◆ **PROMPT**:
The pictures are to be left out, and all remaining data is to be transcribed exactly as it appears.

(Beginning of DATA)

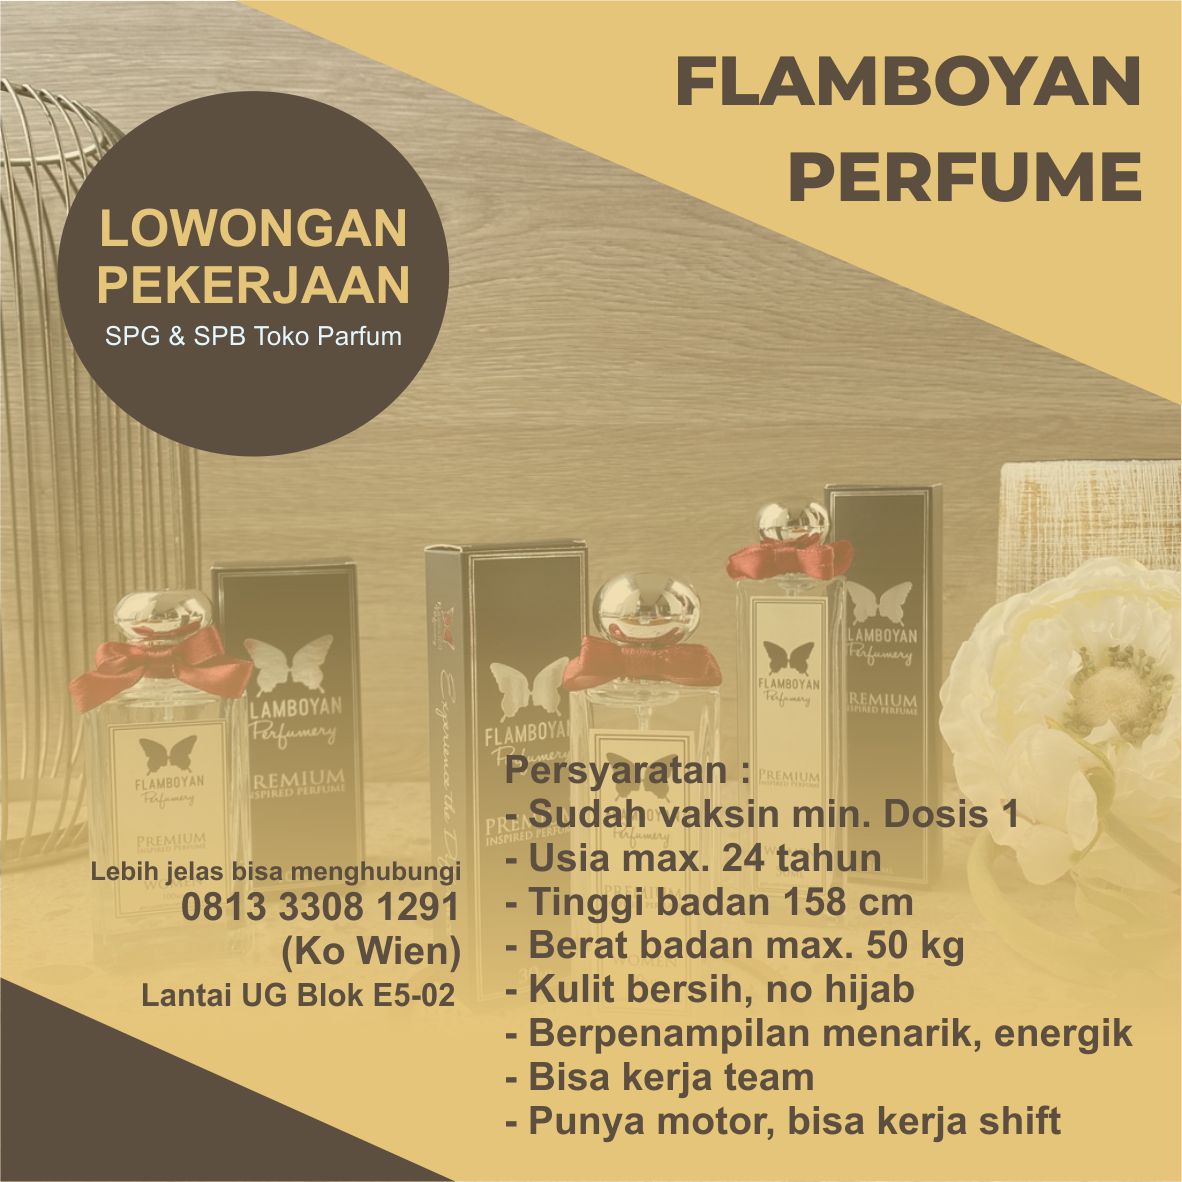 Lowongan SPG & SPB Flamboyan Perfume
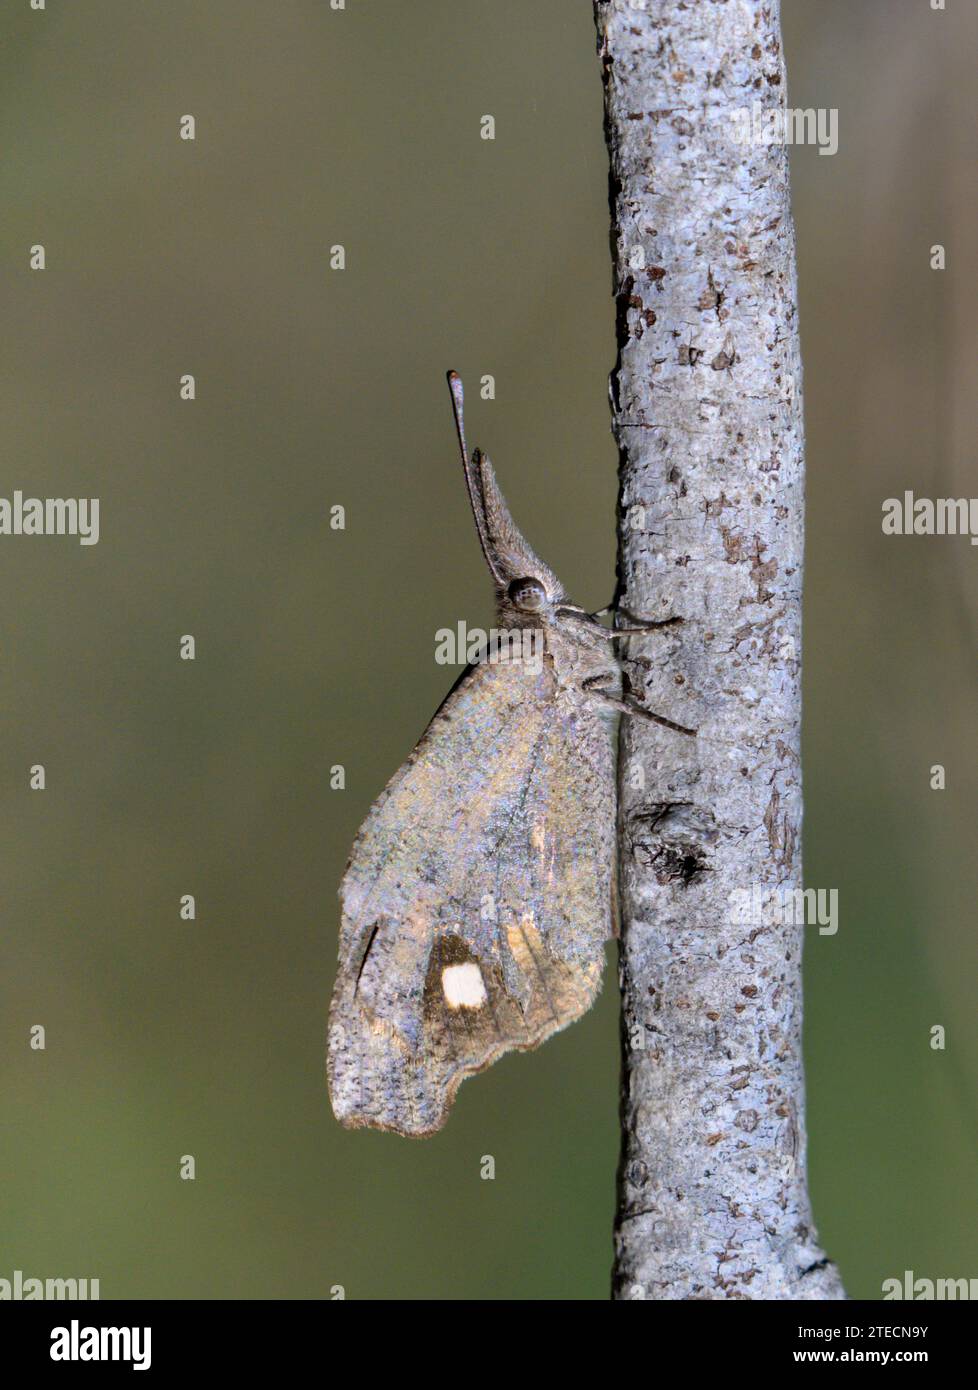 Muso americano o farfalla muso comune (Libytheana carinenta) mimetizzato su un ramo di legno, Bentsen-Rio grande Valley State Park, Texas, USA. Foto Stock
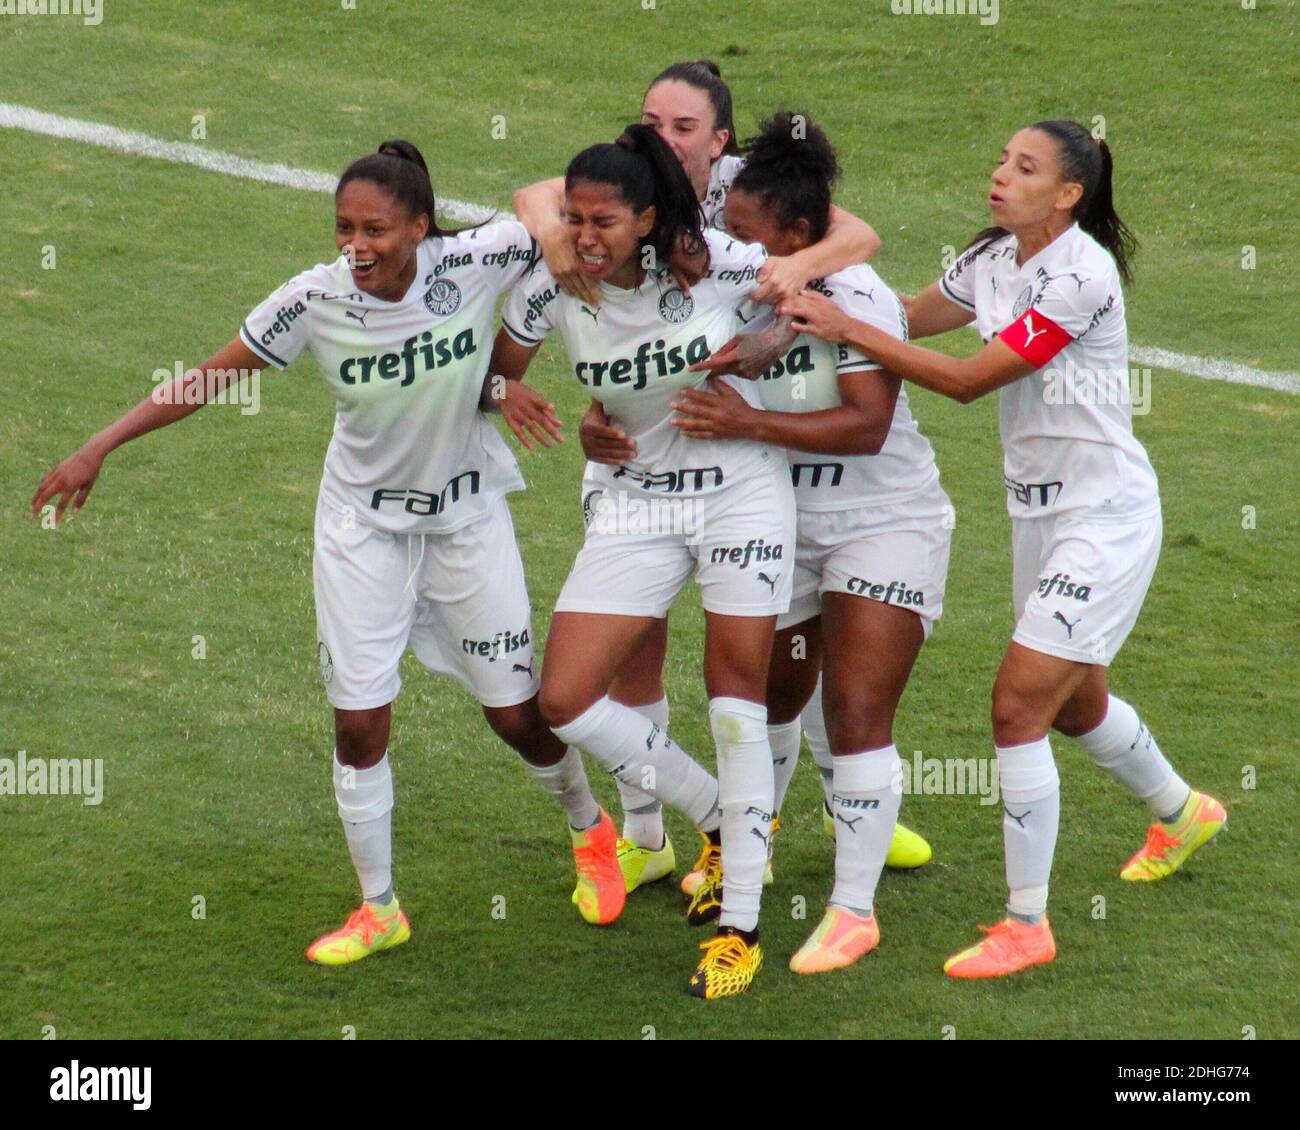 São Paulo 0 x 1 Ferroviária  Campeonato Paulista Feminino
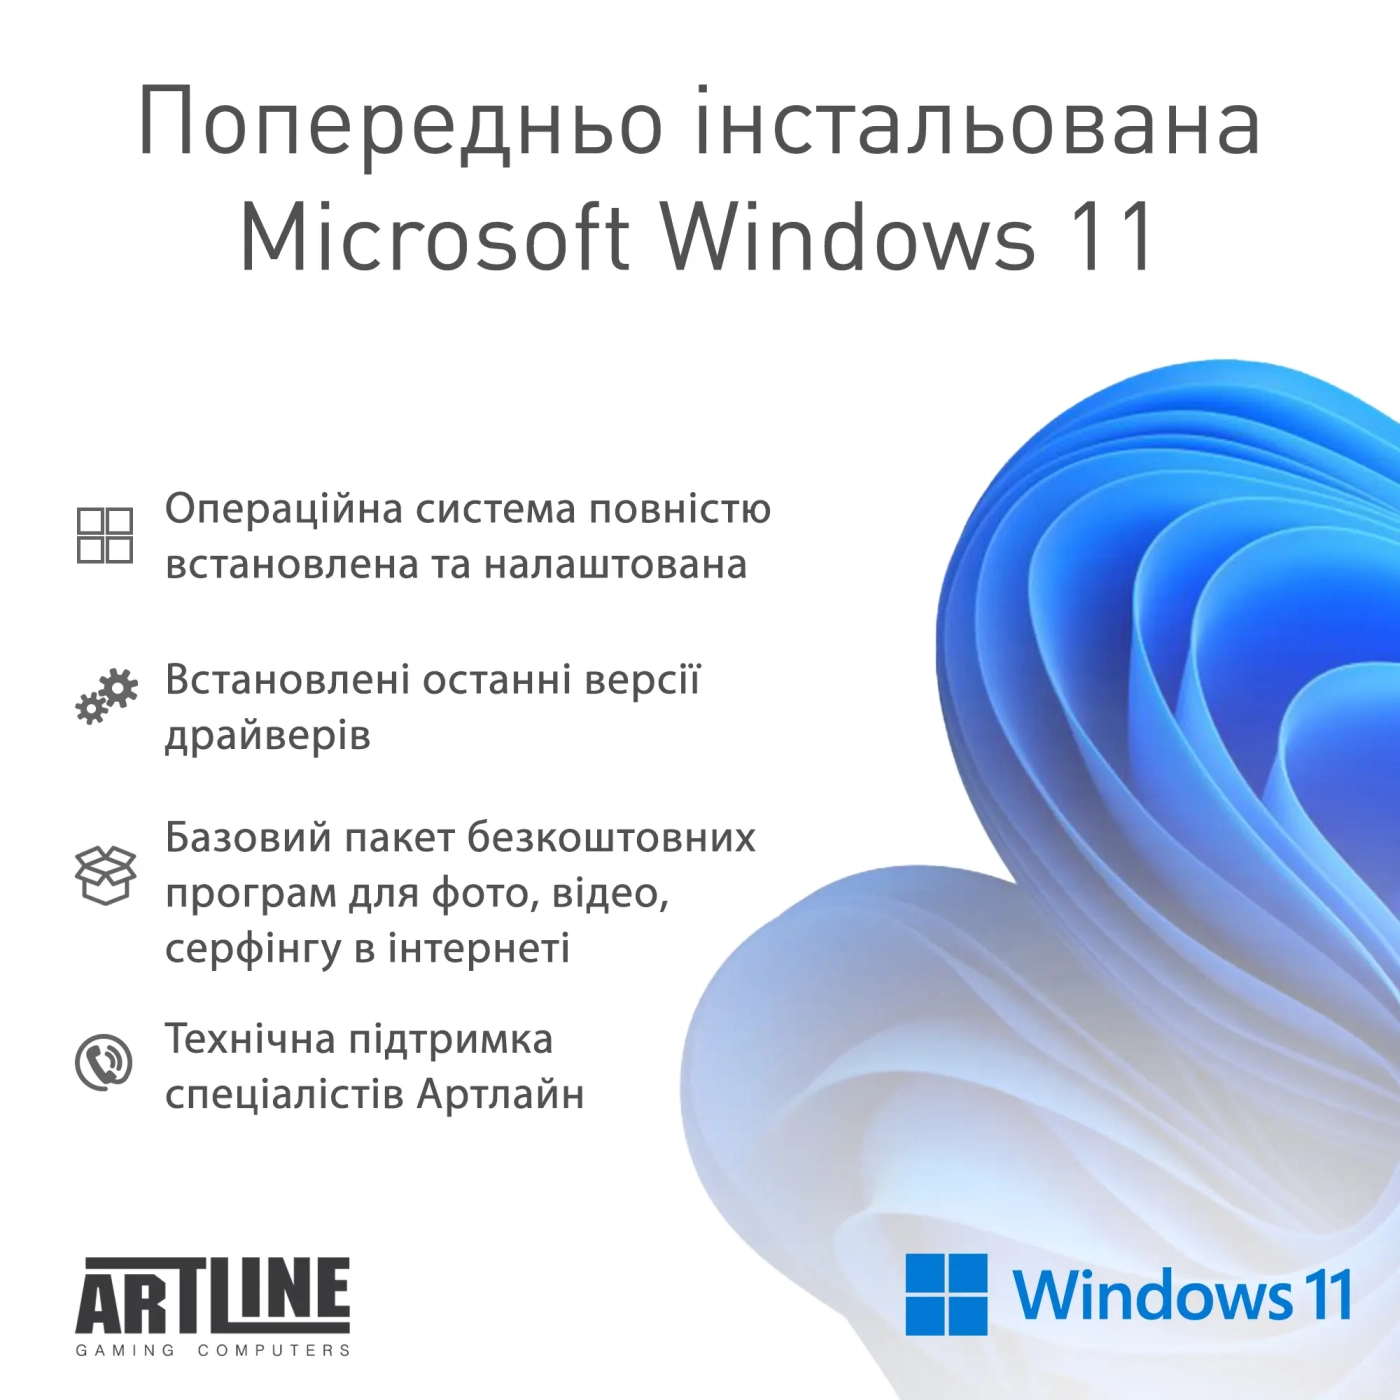 Купить Компьютер ARTLINE Gaming D31 Windows 11 Home (D31v22Win) - фото 12

(End of DATA)

◆ **FINISHED EXERCISE**:
 Lowongan SPG & SPB Flamboyan Perfume
 Muso americano o farfalla muso comune (Libytheana carinenta) mimetizzato su un ramo di legno, Bentsen-Rio grande Valley State Park, Texas, USA. Foto Stock
 São Paulo 0 x 1 Ferroviária  Campeonato Paulista Feminino
 Купить Компьютер ARTLINE Gaming D31 Windows 11 Home (D31v22Win) - фото 12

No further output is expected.